You're laying back on one of the pool loungers. One leg dangling over the edge keeping your foot on the warm cement ground, the other spread over Steve's lap as he absently rubs his hand up and down it while he bitches to you about something from work. Your hand rubs up and down Steve's back in comfort. But that isn't the nightmare.
Your bright red bikini bottoms covering enough, but with your legs spread a bit more skin is shown then intended. Spread in such a way that makes Eddie want to just dive in. Get on his knees and worship you, rub his face over your mound as he licks and nips and sucks. Moan as the curly thatch of hair brushes against his face.

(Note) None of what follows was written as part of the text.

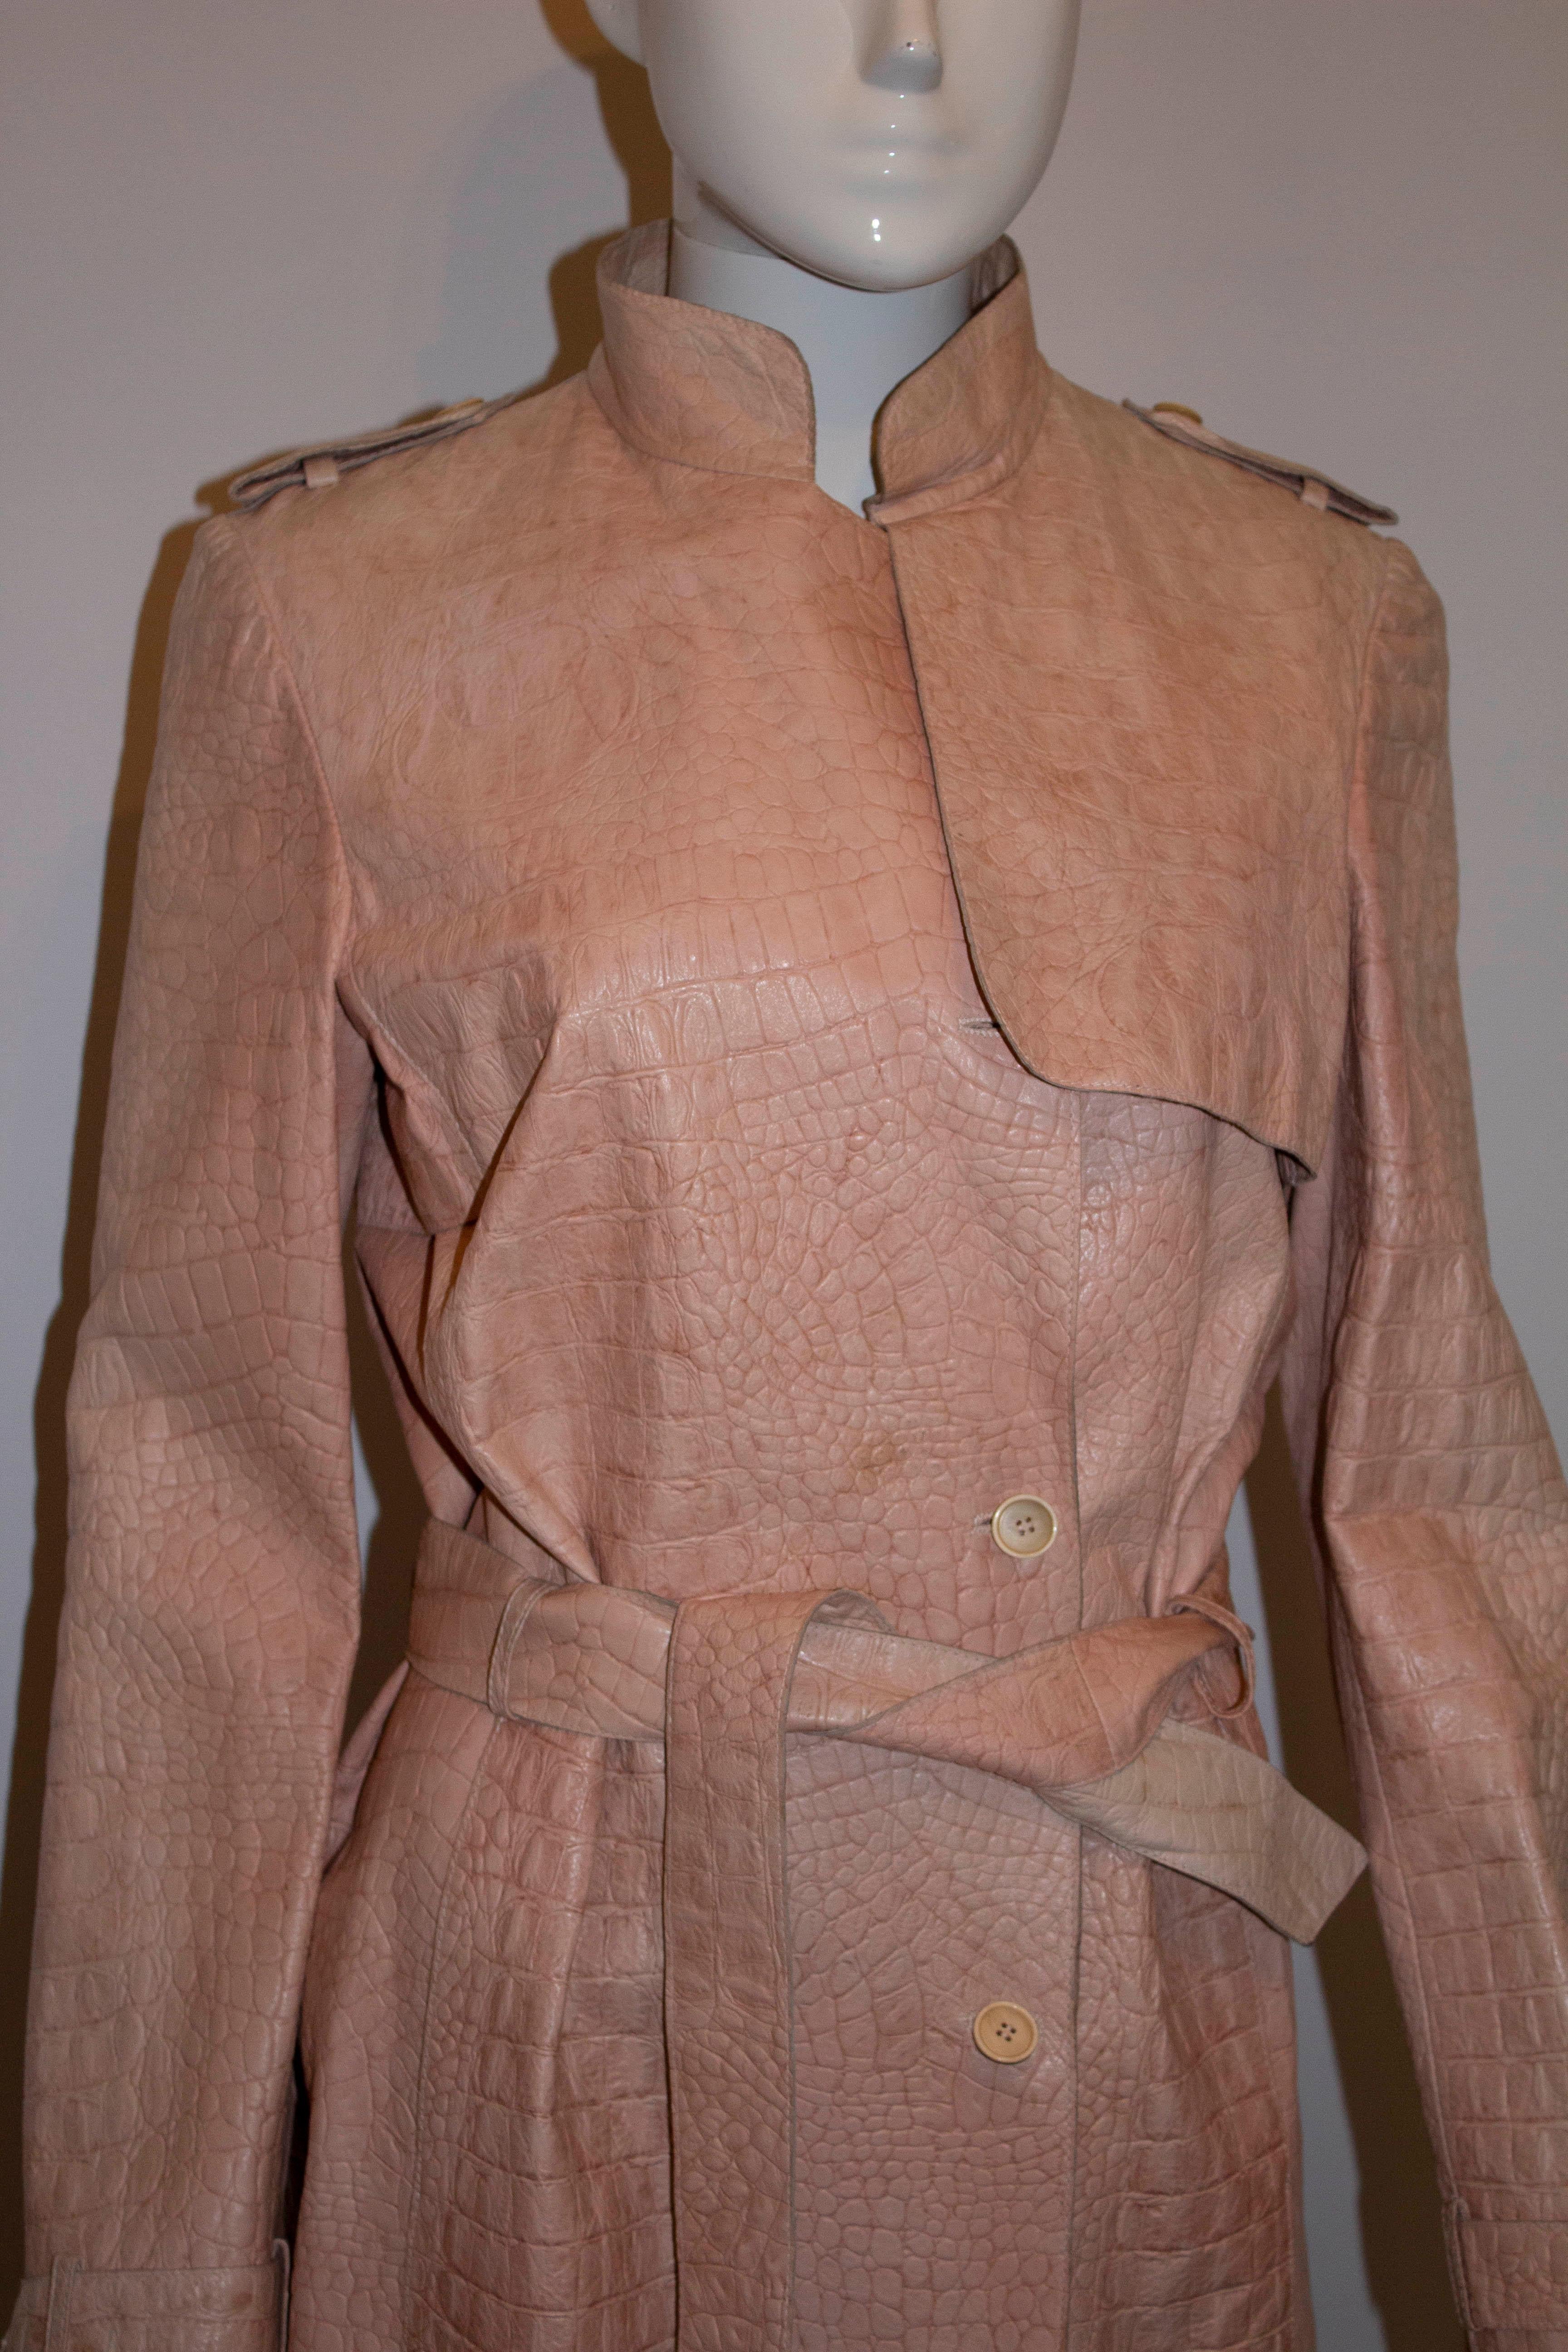 Ein schicker Leder-Trenchcoat für Frühjahr/Sommer von Pollini.  Der Mantel aus hübschem rosa geprägtem Leder mit Kroko-Effekt ist vollständig gefüttert und hat einen Ledergürtel.  Maße: Büste 36'', Taille 29'', Länge

Except the curls of hair he is expecting to see peeking around your bikini are gone. Just smooth bare skin. And that isn't the only nightmare. Steve's chest is smooth like when he was in school on the swim team. Not a speck of that beautiful chest hair Eddie would curl into after getting hot and heavy. Not a single curl of the "love rug" he jokingly called it.
Eddie wants to weep. To throw himself down like a little kid and thrash his arms and legs around. Yeah, it's your body and you can do what you want, but he still is sad its gone. Eddie doesn't like change, and suddenly walking in to see both of his partners change something without any warning? Uncomfortable. It makes Eddie feel itchy.
Eddie can barely speak as he walks over and sits next to Steve. He doesn't respond to Steve's warm greeting. Doesn't respond to you asking how the day is. Just stares with big wet eyes at the sight in front of him. A pout on his lips.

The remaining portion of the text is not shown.